Local construction workers haven’t been sitting down on the job, judging by the progress made on new, much-needed public restroom facilities in downtown Mount Airy.
“It’s going well,” City Manager Stan Farmer said this week of the project unfolding beside Brannock and Hiatt Furniture Co. in a municipal parking lot between that business and Old North State Winery. It started about two weeks ago.
During a meeting on June 16, the Mount Airy Board of Commissioners voted to awarded a $104,900 contract to Colt W. Simmons Construction Co., a local firm, to build the restroom facilities.
When finished, these are to be similar to ones located on the Granite City Greenway behind Roses, city Public Works Director Mitch Williams has noted, which will include two bathroom units and a brick exterior.
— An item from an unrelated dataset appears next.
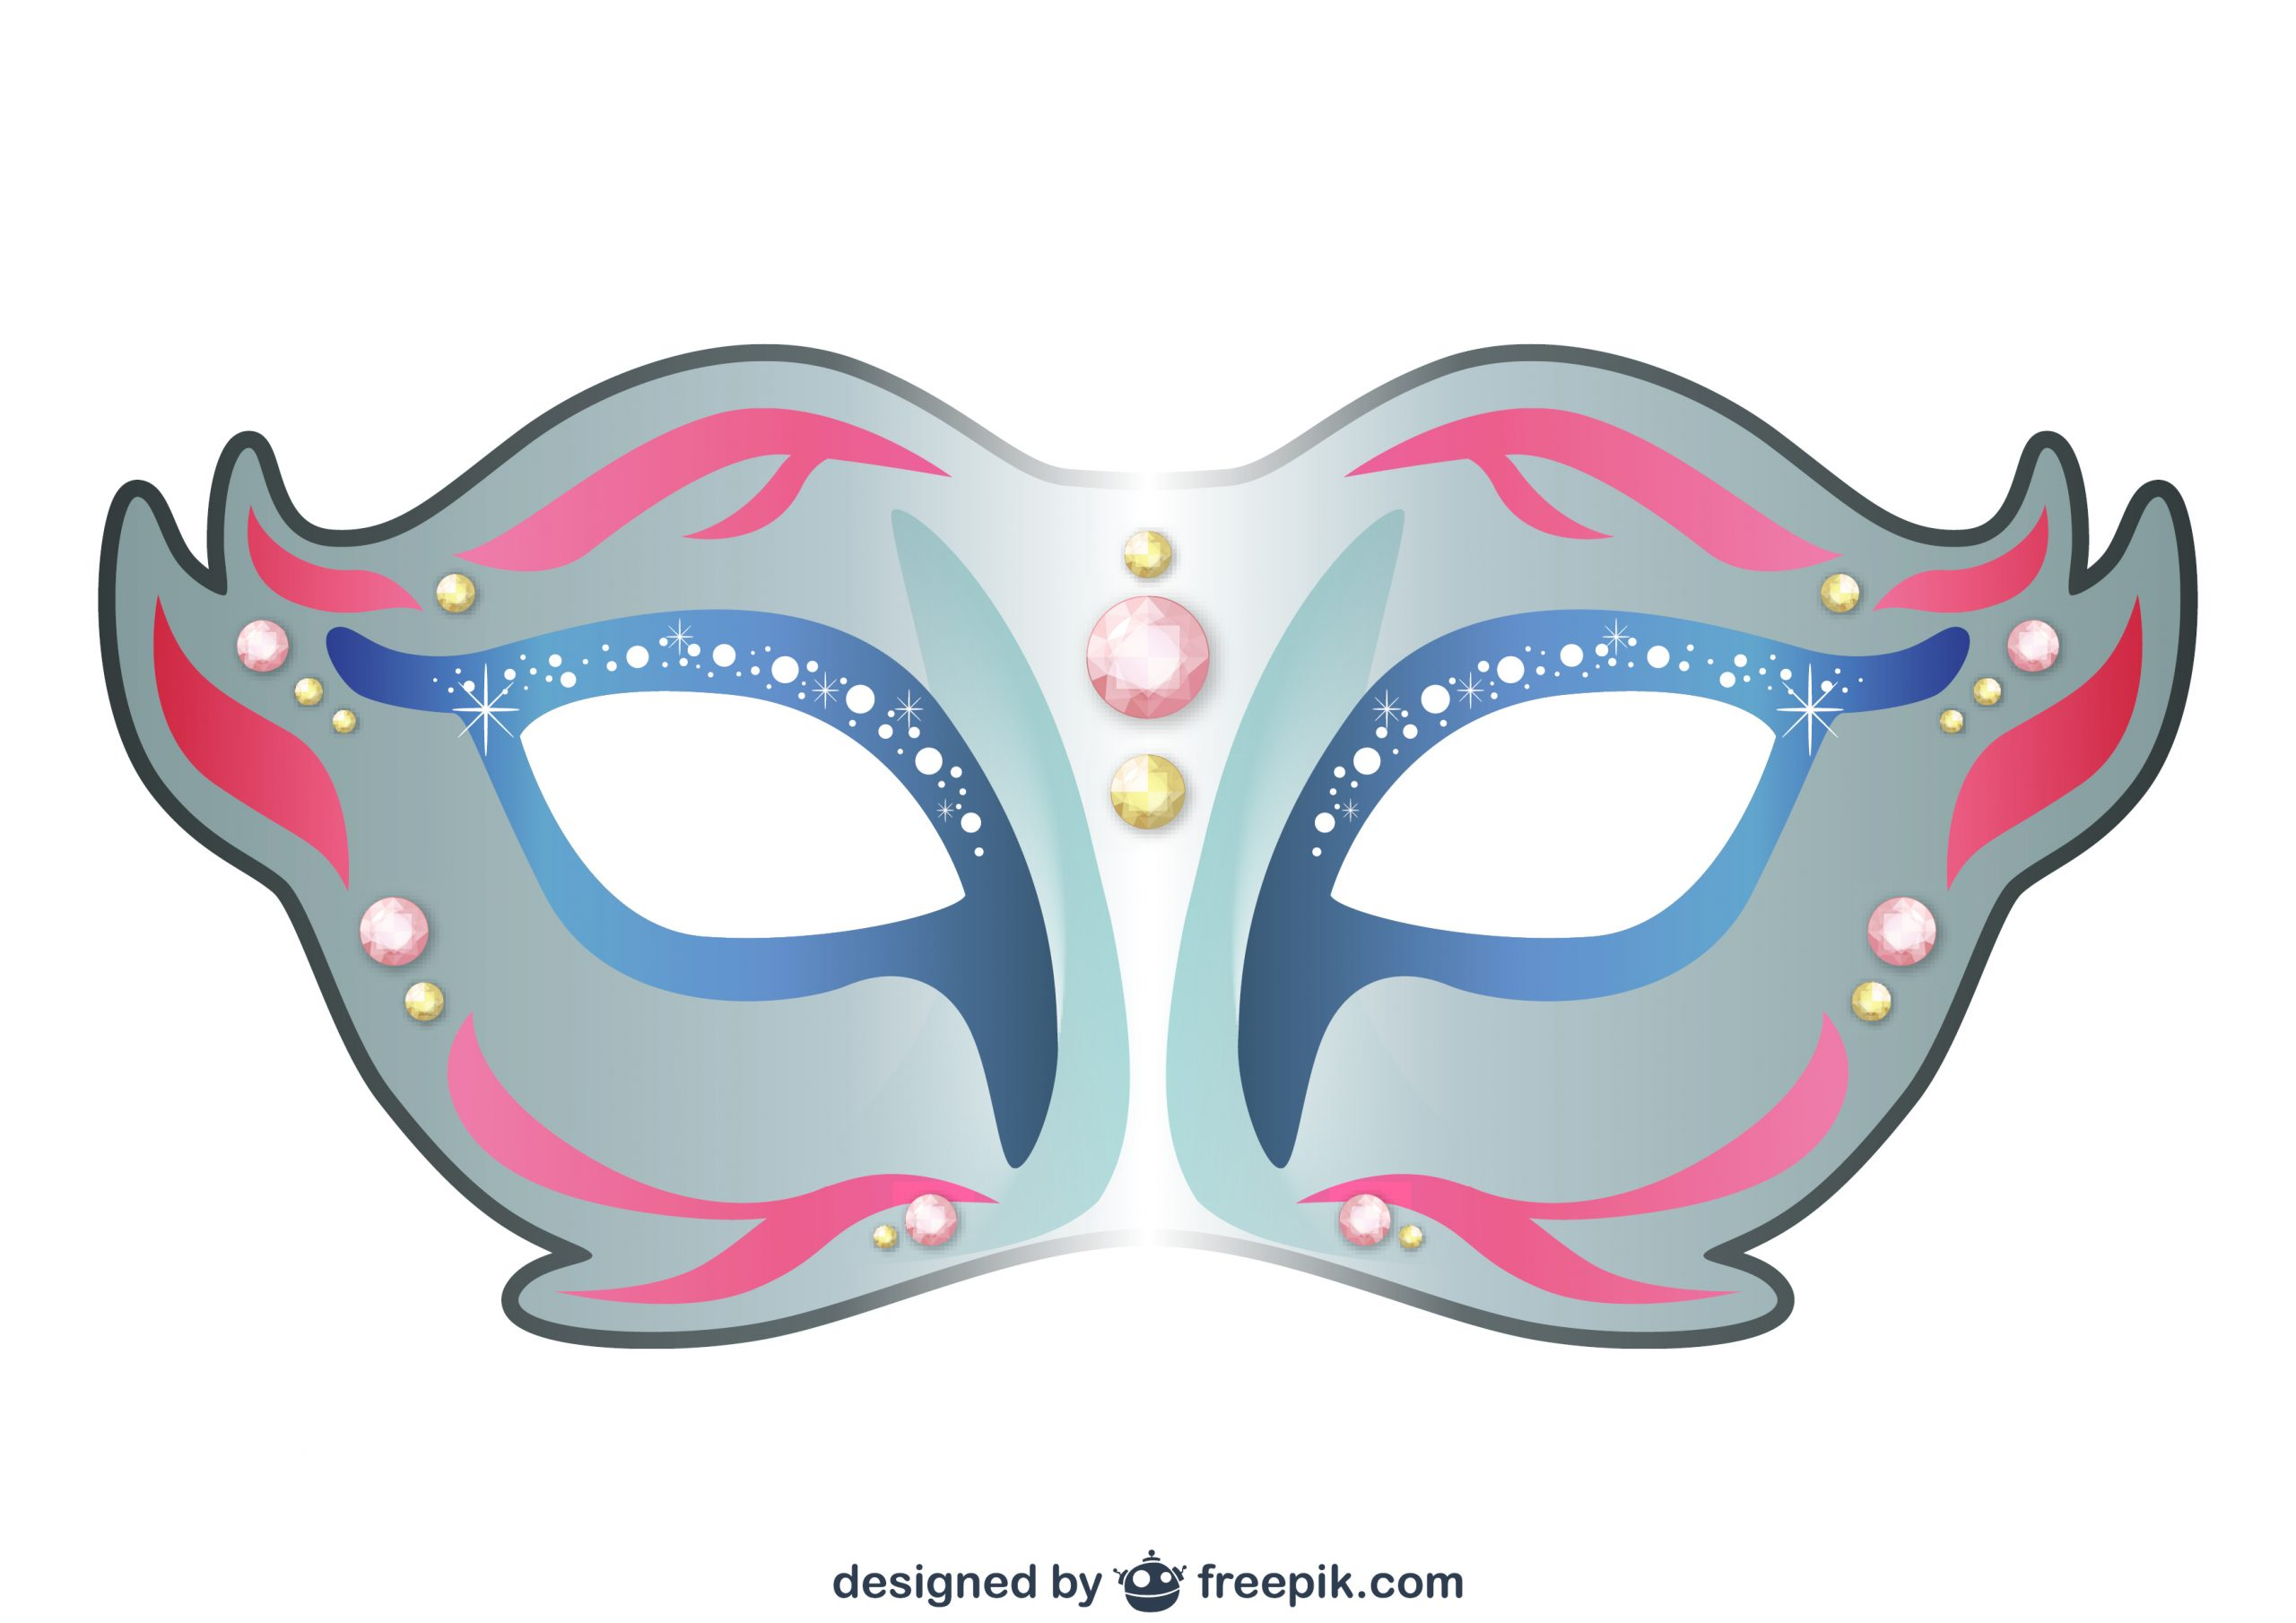 Diy : Les Masques Du Carnaval À Imprimer encequiconcerne Modele Masque De Carnaval A Imprimer

Along with the contract sum of $104,900, a 15-percent contingency fund was included to cover unforeseen expenses, for a total project cost of $120,000.
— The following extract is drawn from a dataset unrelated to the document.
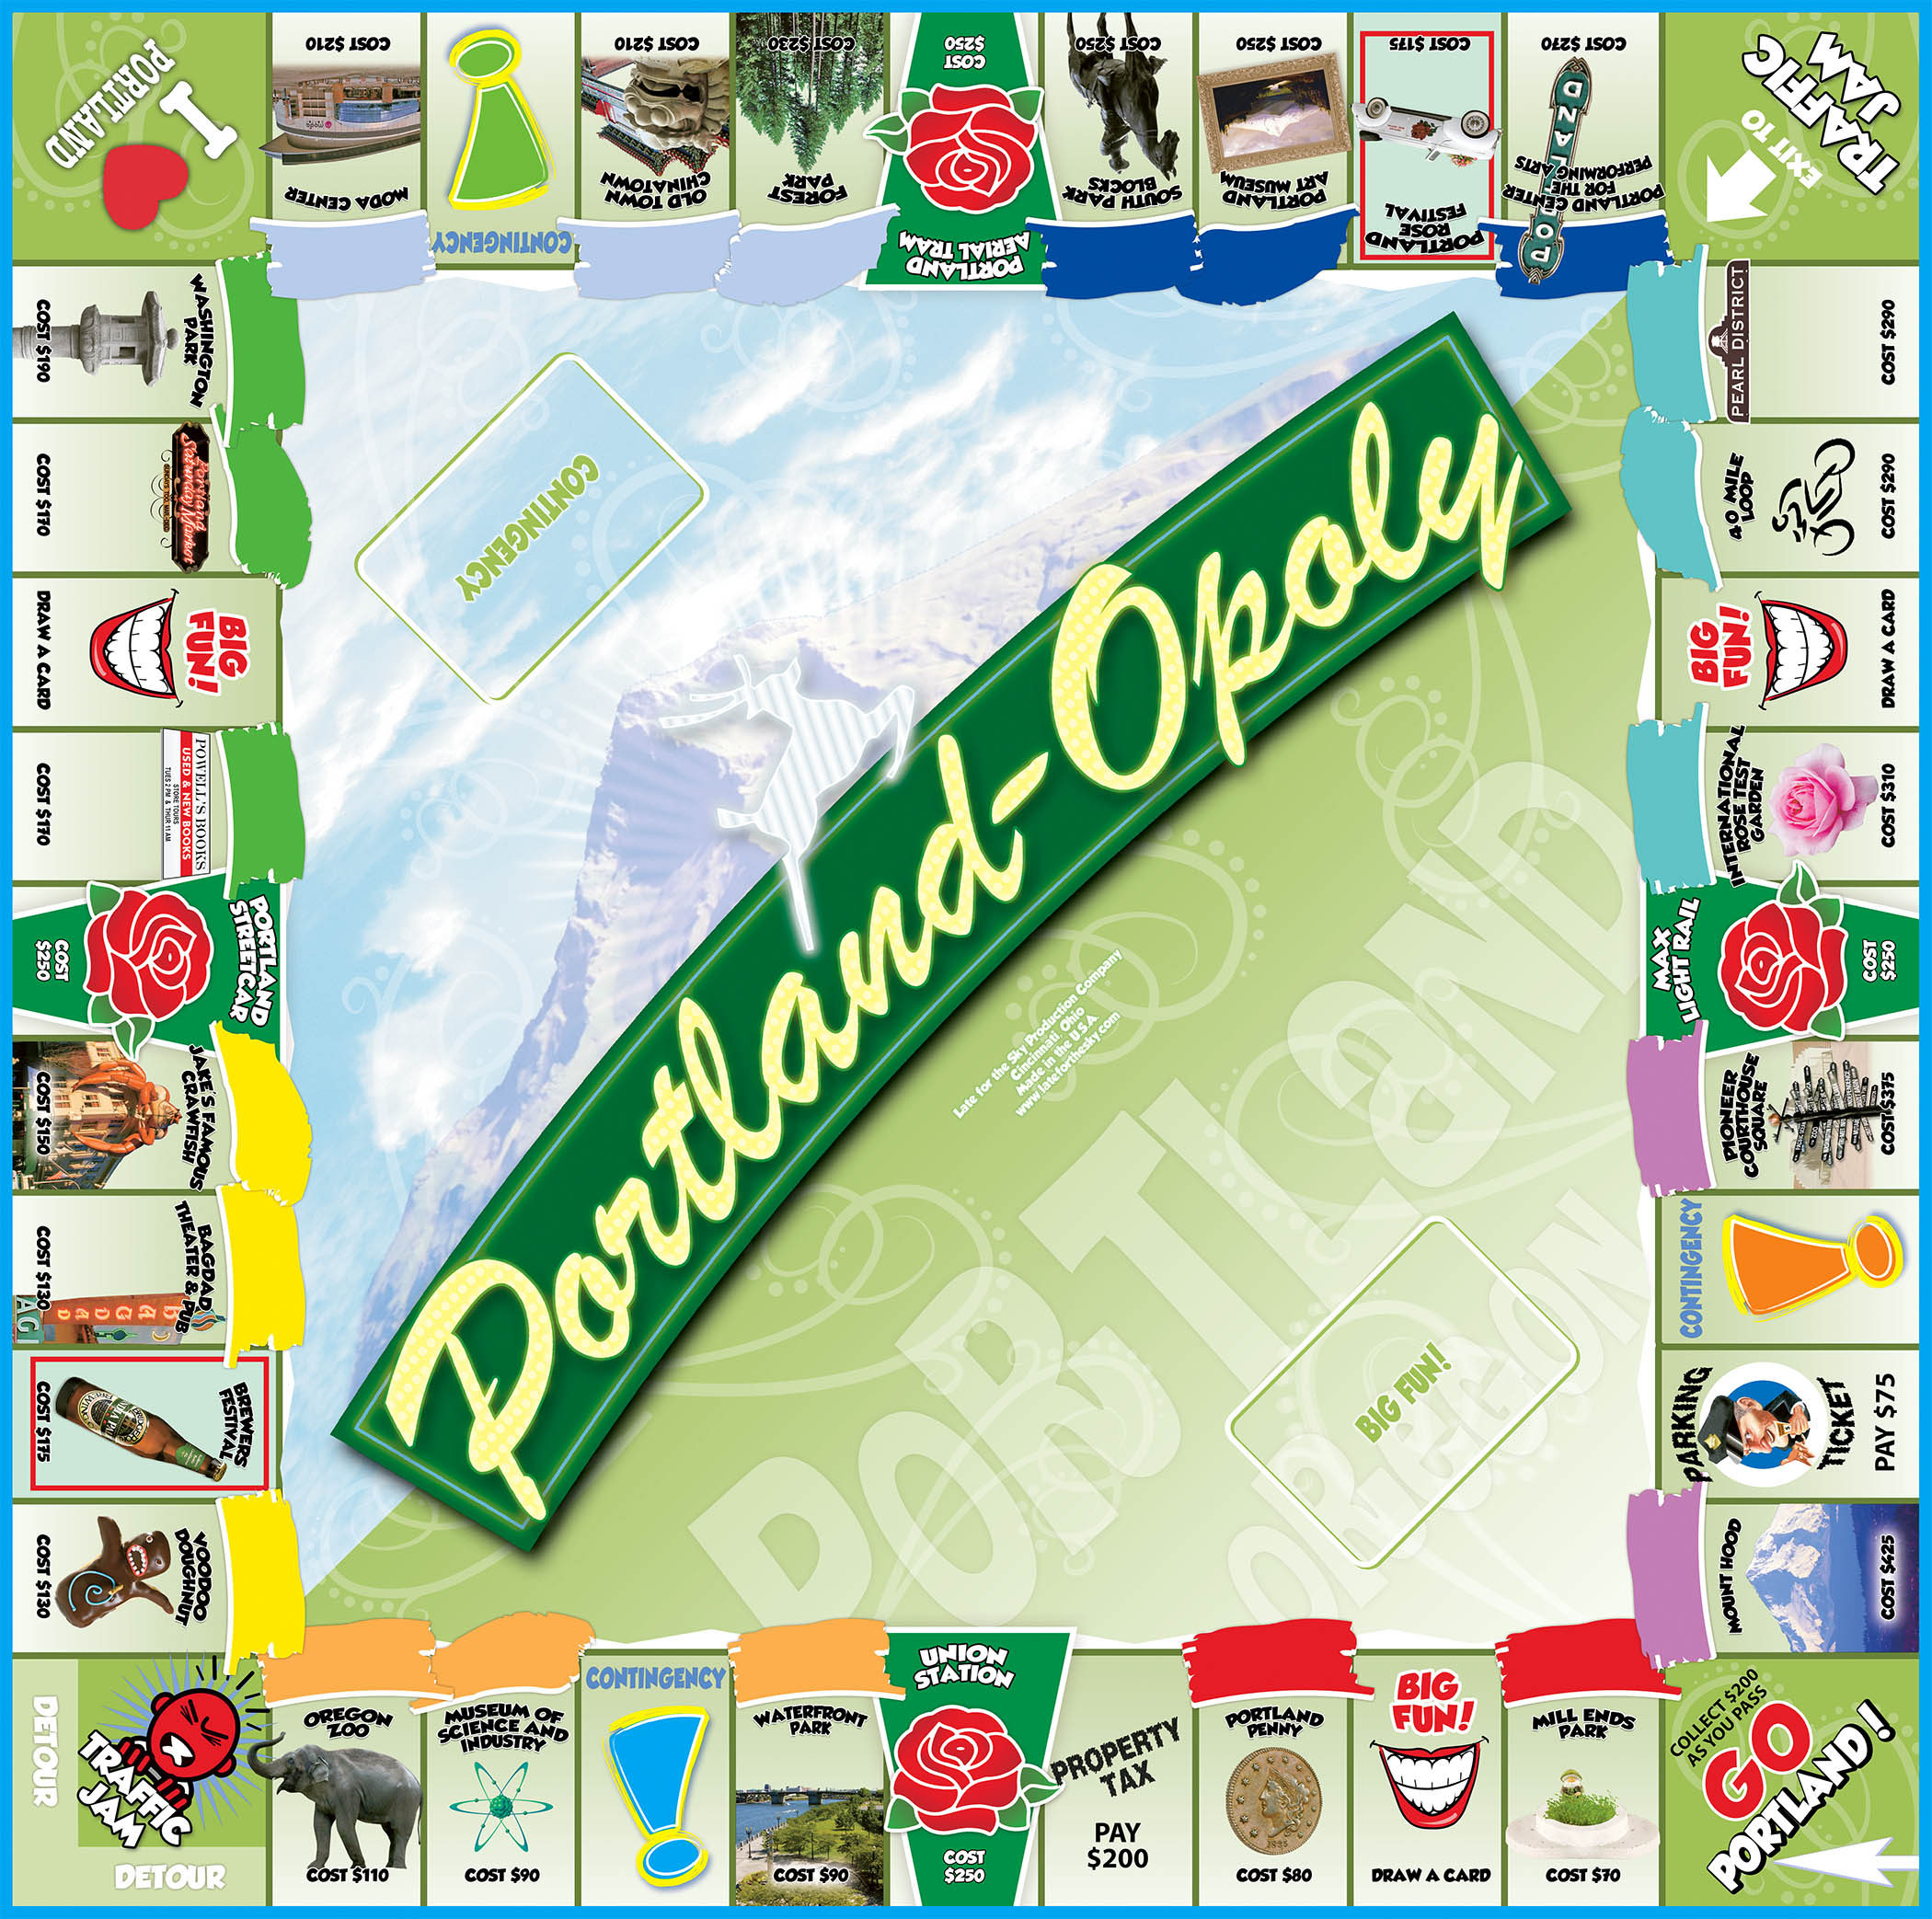 PORTLAND-OPOLY Board Game

Farmer added Monday that the construction so far has not been hampered by inclement weather, which always looms as a factor at this time of year.
“Presumably, they are to be done by the end of September, in plenty of time for the Autumn Leaves Festival” in October, Farmer said of work crews.
The availability of public restrooms is always an issue during that event at which thousands of people flood the downtown area, with facilities at businesses generally not open to the public.
Restrooms were viewed as a particular need for the 400 block, or northern end of the central business district.
Before the latest project was pursued, the nearest public restrooms to that section were reported to be almost two blocks away at the Greater Mount Airy Chamber of Commerce and Visitor Center.
The only other such facilities downtown are even farther away, at the southern end of the North Main Street shopping area in the Jack A. Loftis Plaza rest area where an Easter Brothers mural is located.
Funding for the new restrooms had been approved last fall through a city budget amendment totaling $295,000. It was set aside for an array of downtown projects, including the new restrooms, the updating of a master plan and others, with the group Mount Airy Downtown Inc. also committing $297,000.
The city manager acknowledged this week that some people have questioned the time lag between that approval and the construction actually getting under way this summer.
This resulted from municipal officials considering a possible alternate location for the new restrooms at a site near Trinity Episcopal Church, north of the site beside Brannock and Hiatt Furniture Co., which ultimately was abandoned.
“We took about eight weeks to work with the church at their location,” Farmer explained regarding the delay.